**DATASET**.
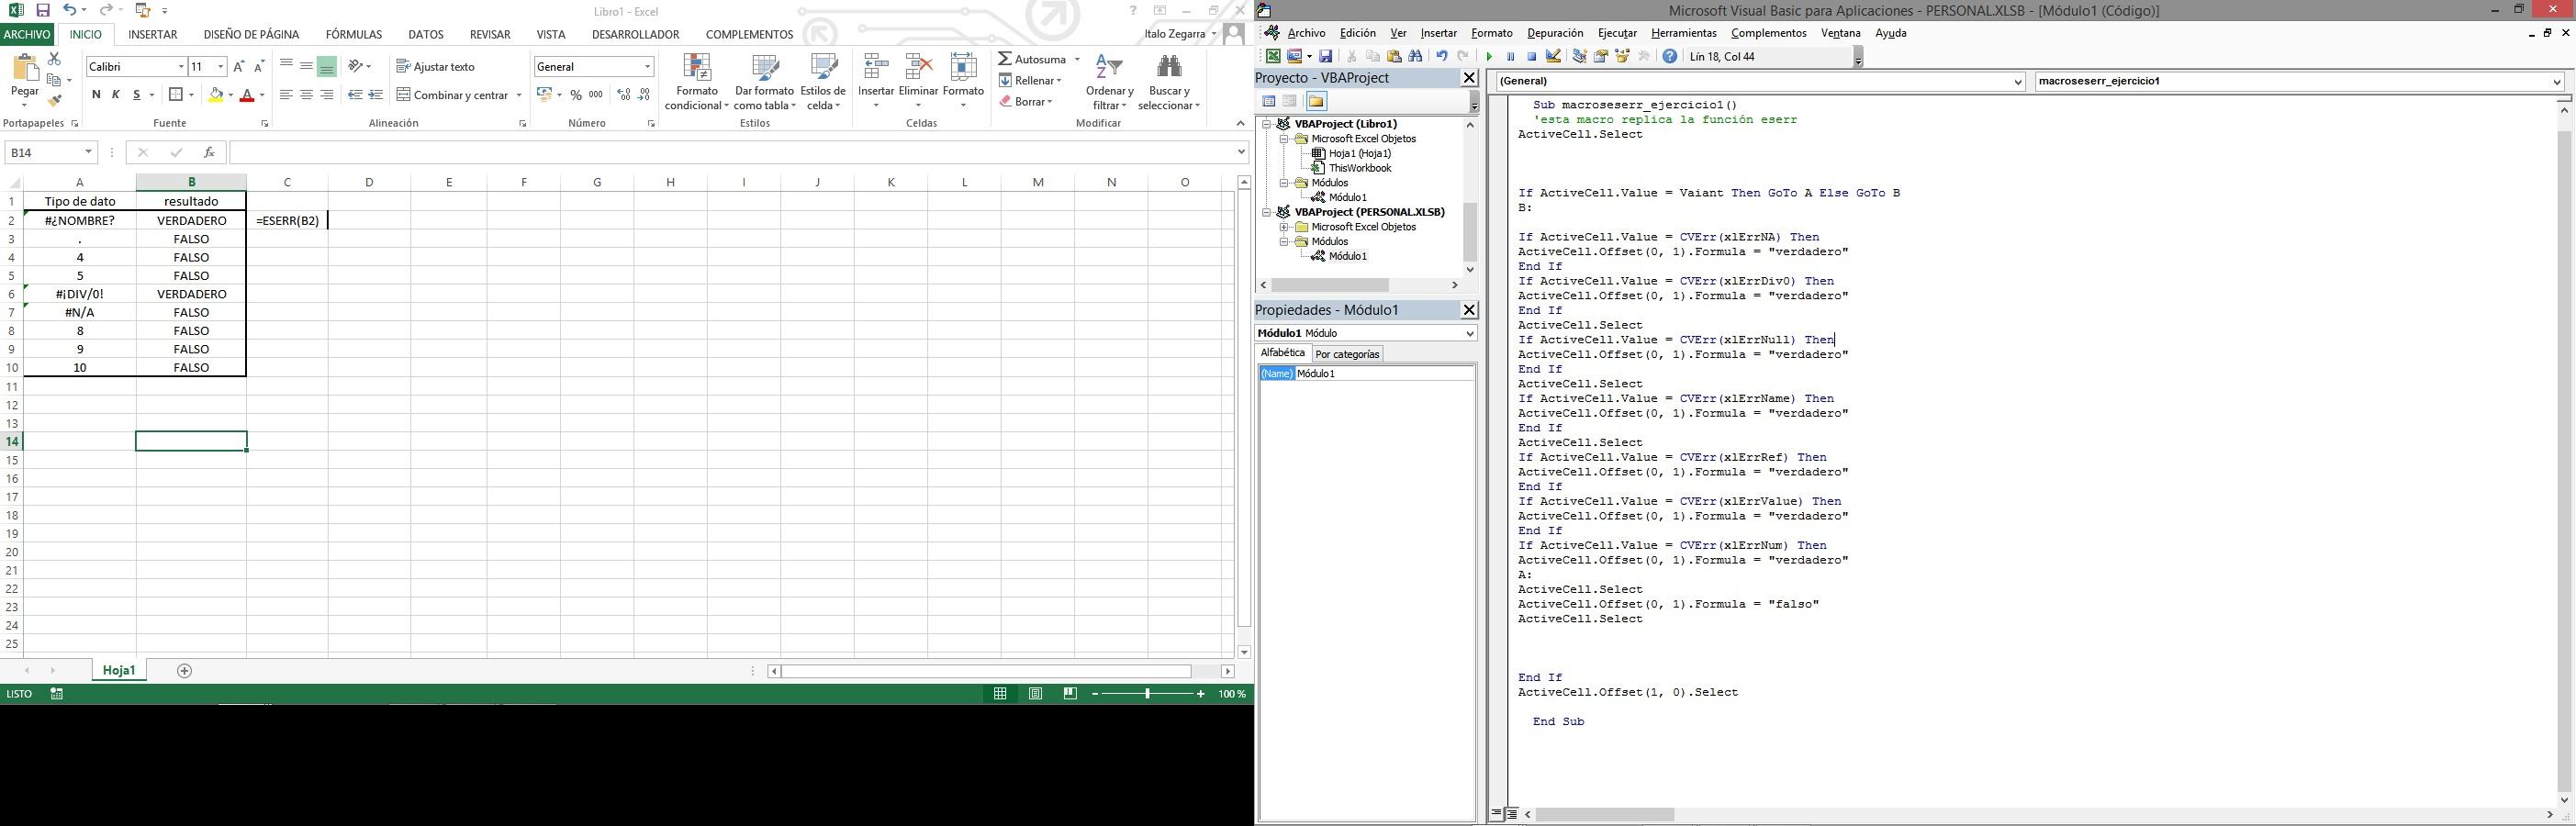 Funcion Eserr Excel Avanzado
==
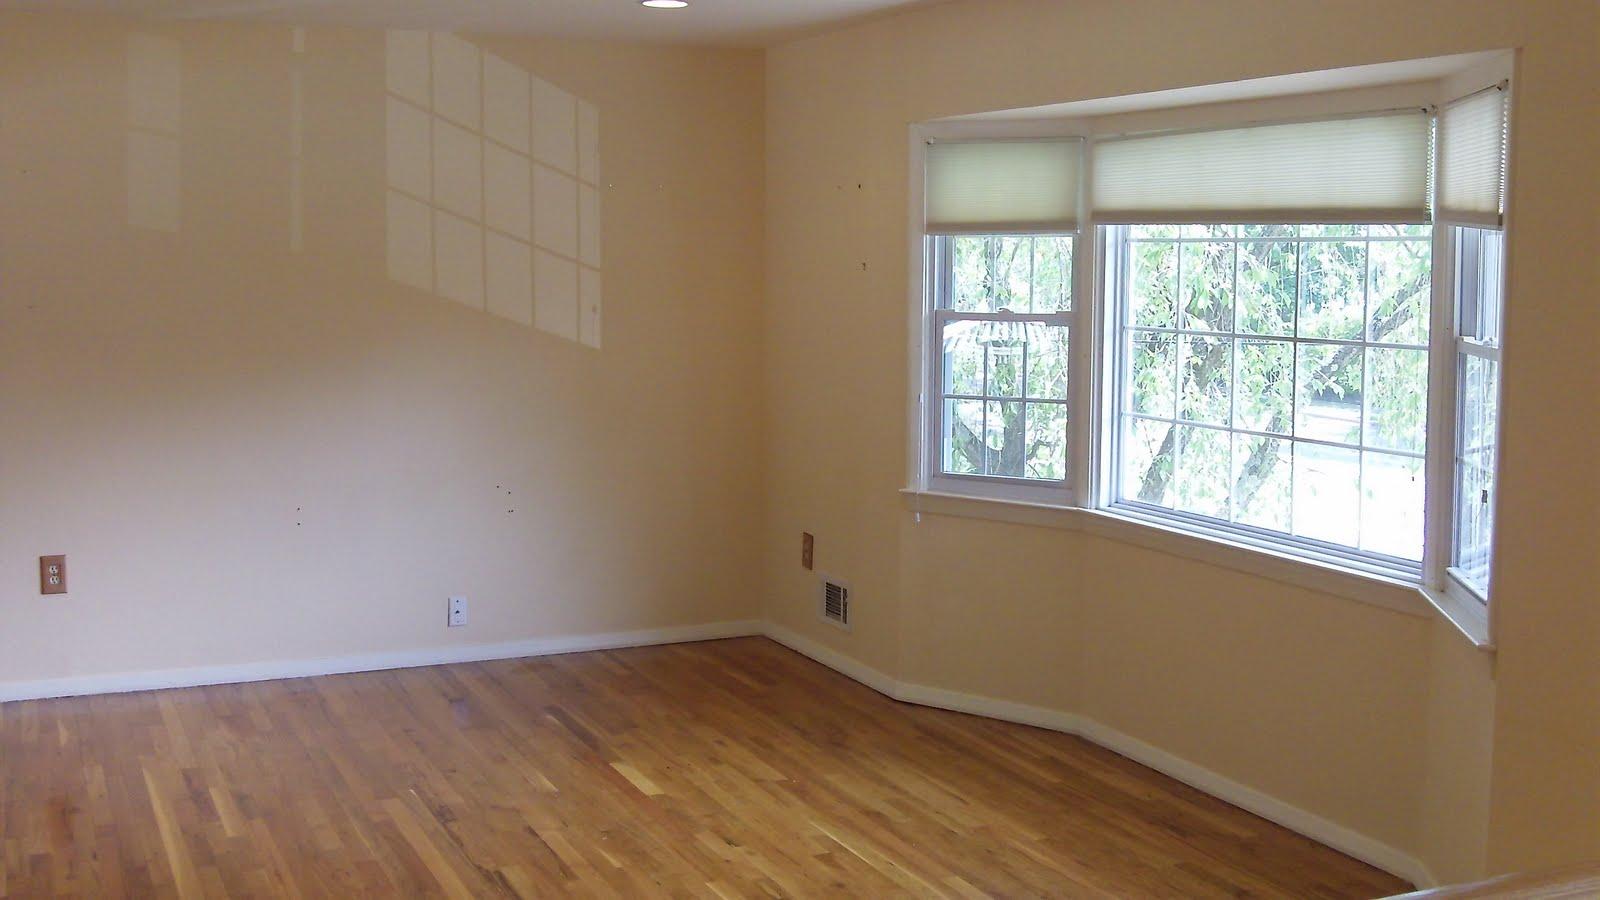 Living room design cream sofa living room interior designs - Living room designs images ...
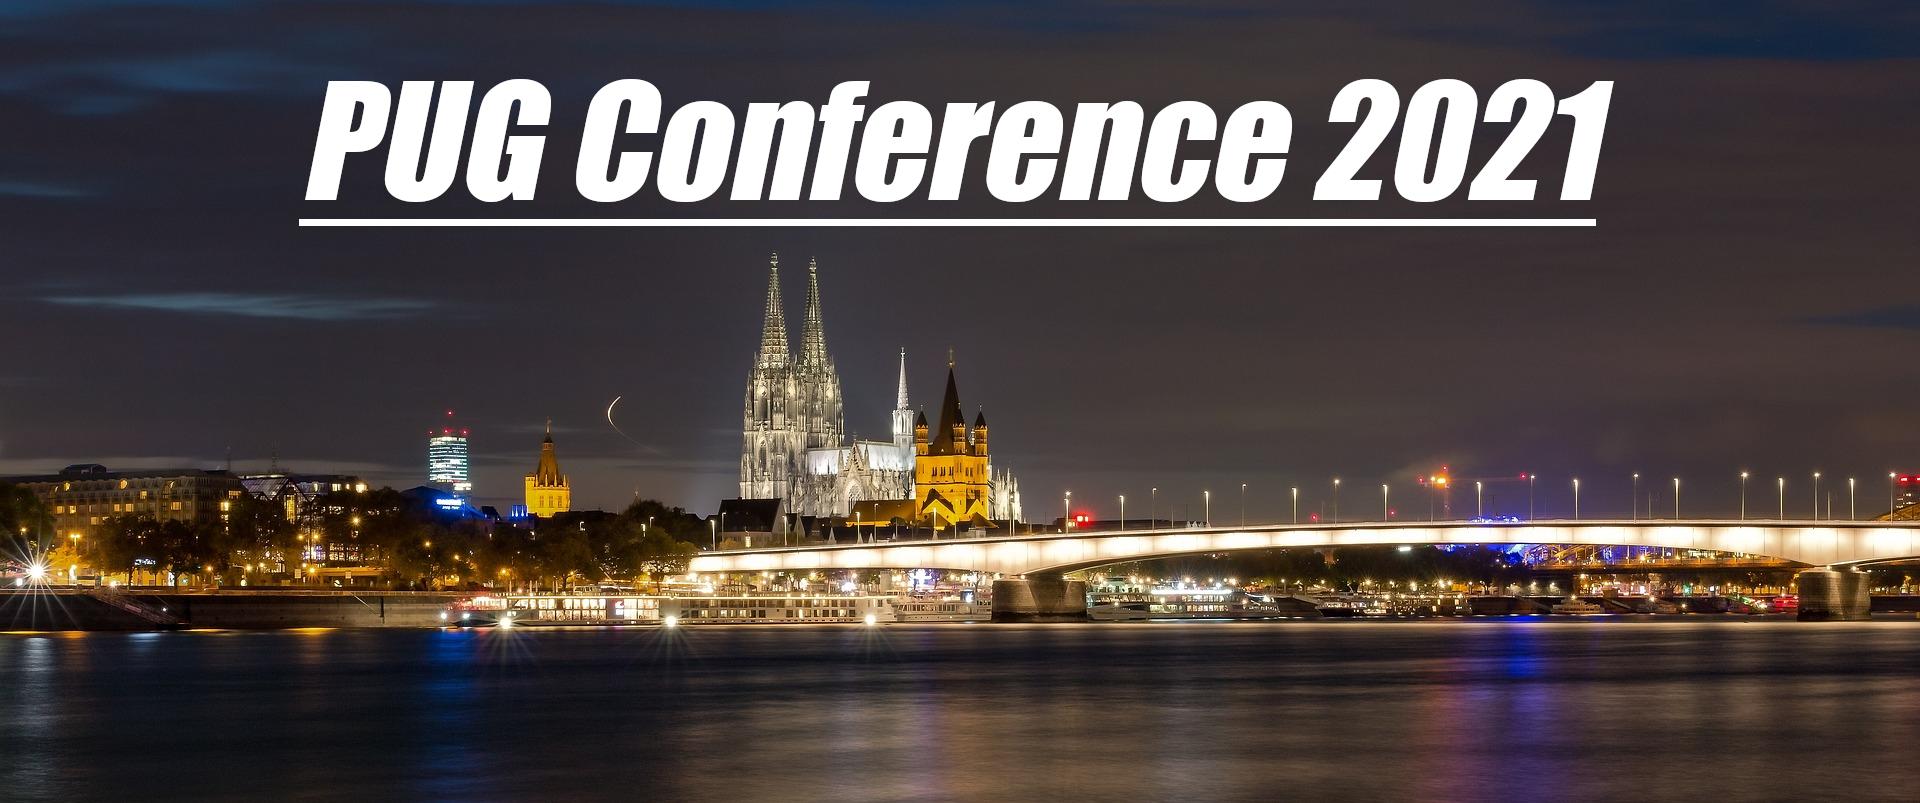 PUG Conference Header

**WORK ORDER**.
Transcribe only the lines above that start at the line containing "Living room design cream" and end at the line containing "PUG Conference Header". Omit pictures.

**YOUR SOLUTION**.
 Living room design cream sofa living room interior designs - Living room designs images ...
 PUG Conference Header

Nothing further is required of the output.